CS109A Data Science Final Project

Machine Learning & Analysis for Twitter Bot Detection

Contributors: Group #68: Nisrine Elhauz, Huan Liu, Fayzan Talpur, Samasara Tamrakar

Harvard University, Fall 2018

Image Text

Motivation:

The primary goal of this project is to detect Twitter bots by being able to differentiate the source of a tweet between a Twitter bot or human. To accomplish this, we must categorize the two main types of Twitter accounts that we are interested in for analysis. The first type being Twitter accounts that have direct human involvement but with a fake persona and specific purposes (e.g. spreading fake news, manipulation of online rating and review systems, etc.). The second type being “bot” Twitter accounts, that lack direct human involvement in generating tweets. The “bot” accounts, irrespective of their intention (whether to reduce human activity or malicious intent), will all be regarded as “bot” Twitter accounts as long as there is no direct involvement of a human. “No direct human involvement” can be defined as the actions of tweeting / retweeting / liking that are not the result of direct human operations.

Problem Statement:

How to detect Twitter Bots using tweets data from Twitter developer API by using machine learning techniques. Our objective is to determine whether the source of tweets are from accounts that are bot users [1] or non-bot users [0]. (we define bot as: no direct human involvement in generating tweets)
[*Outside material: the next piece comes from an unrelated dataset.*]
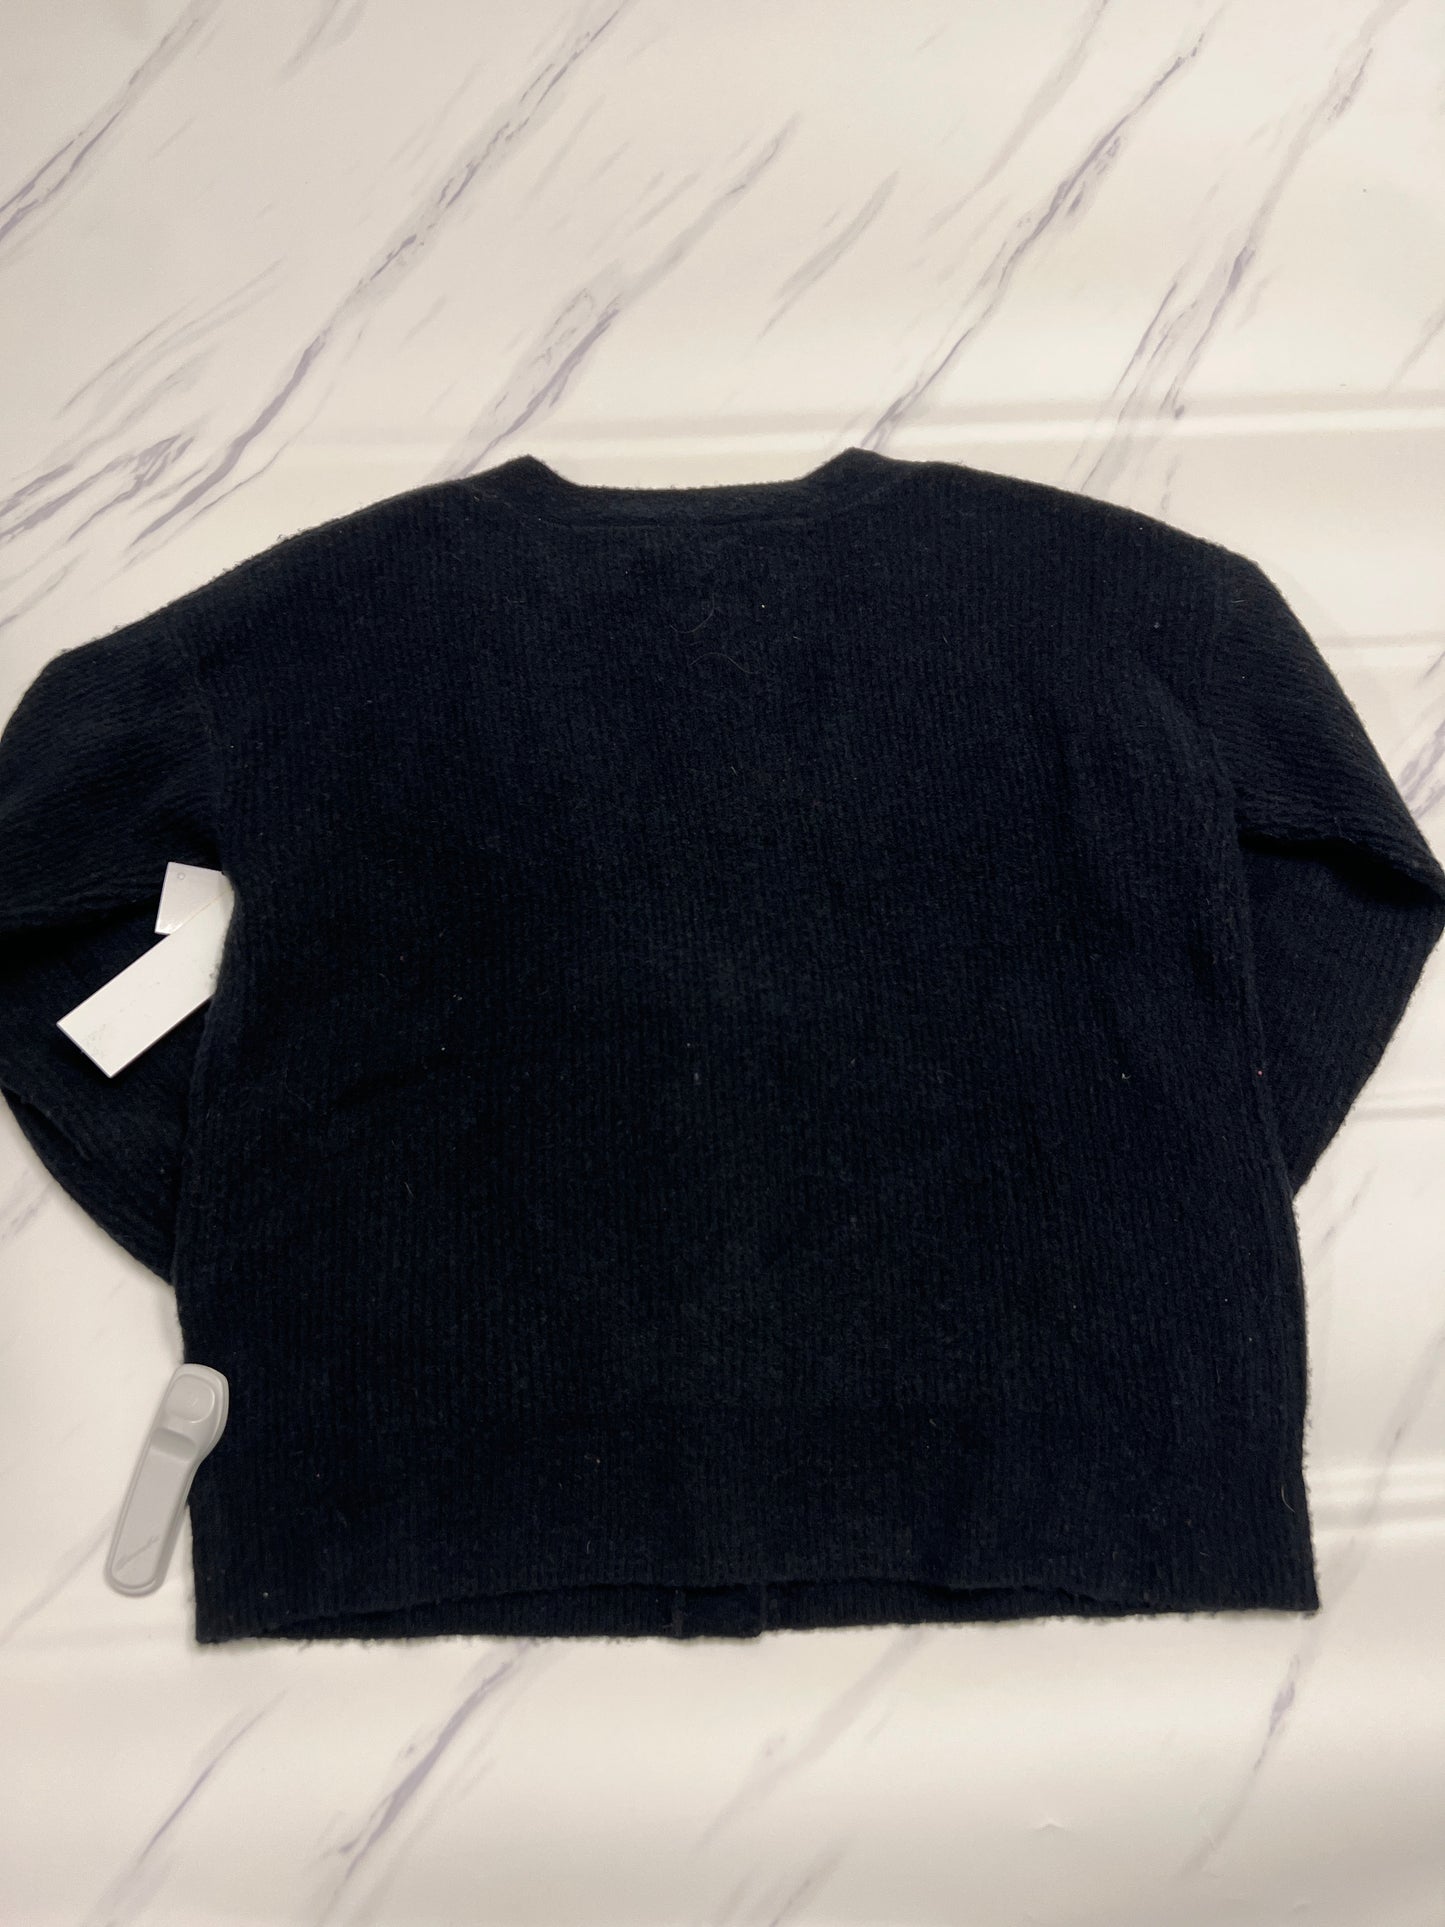 Sweater Cardigan By Vineyard Vines  Size: M
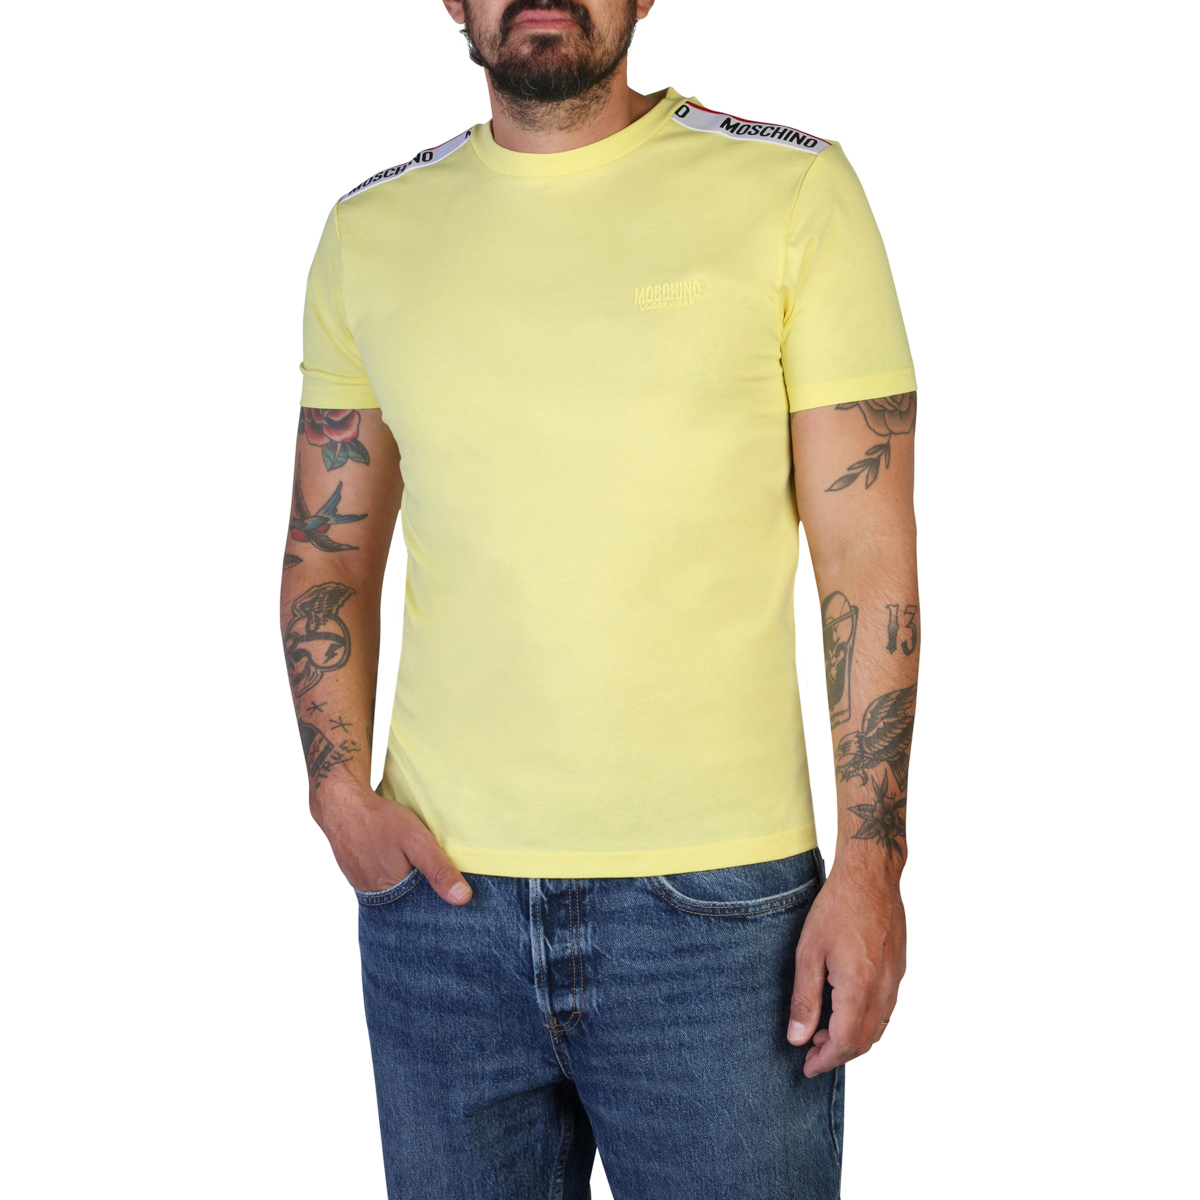 Moschino - T-shirt homme

  1. Start by collection data using Twitter API
  2. Perform feature engineering and preprocessing techniques to aggregate tweet features to account level features
  3. Use Data visualization to understand the trend and patterns.
  4. Solve as a classification problem of classifying an account to be bot or not-bot
  5. Solve as an unsupervised problem of clustering twitter accounts into 2 (or several) clusters
  6. Conclude by comparing the models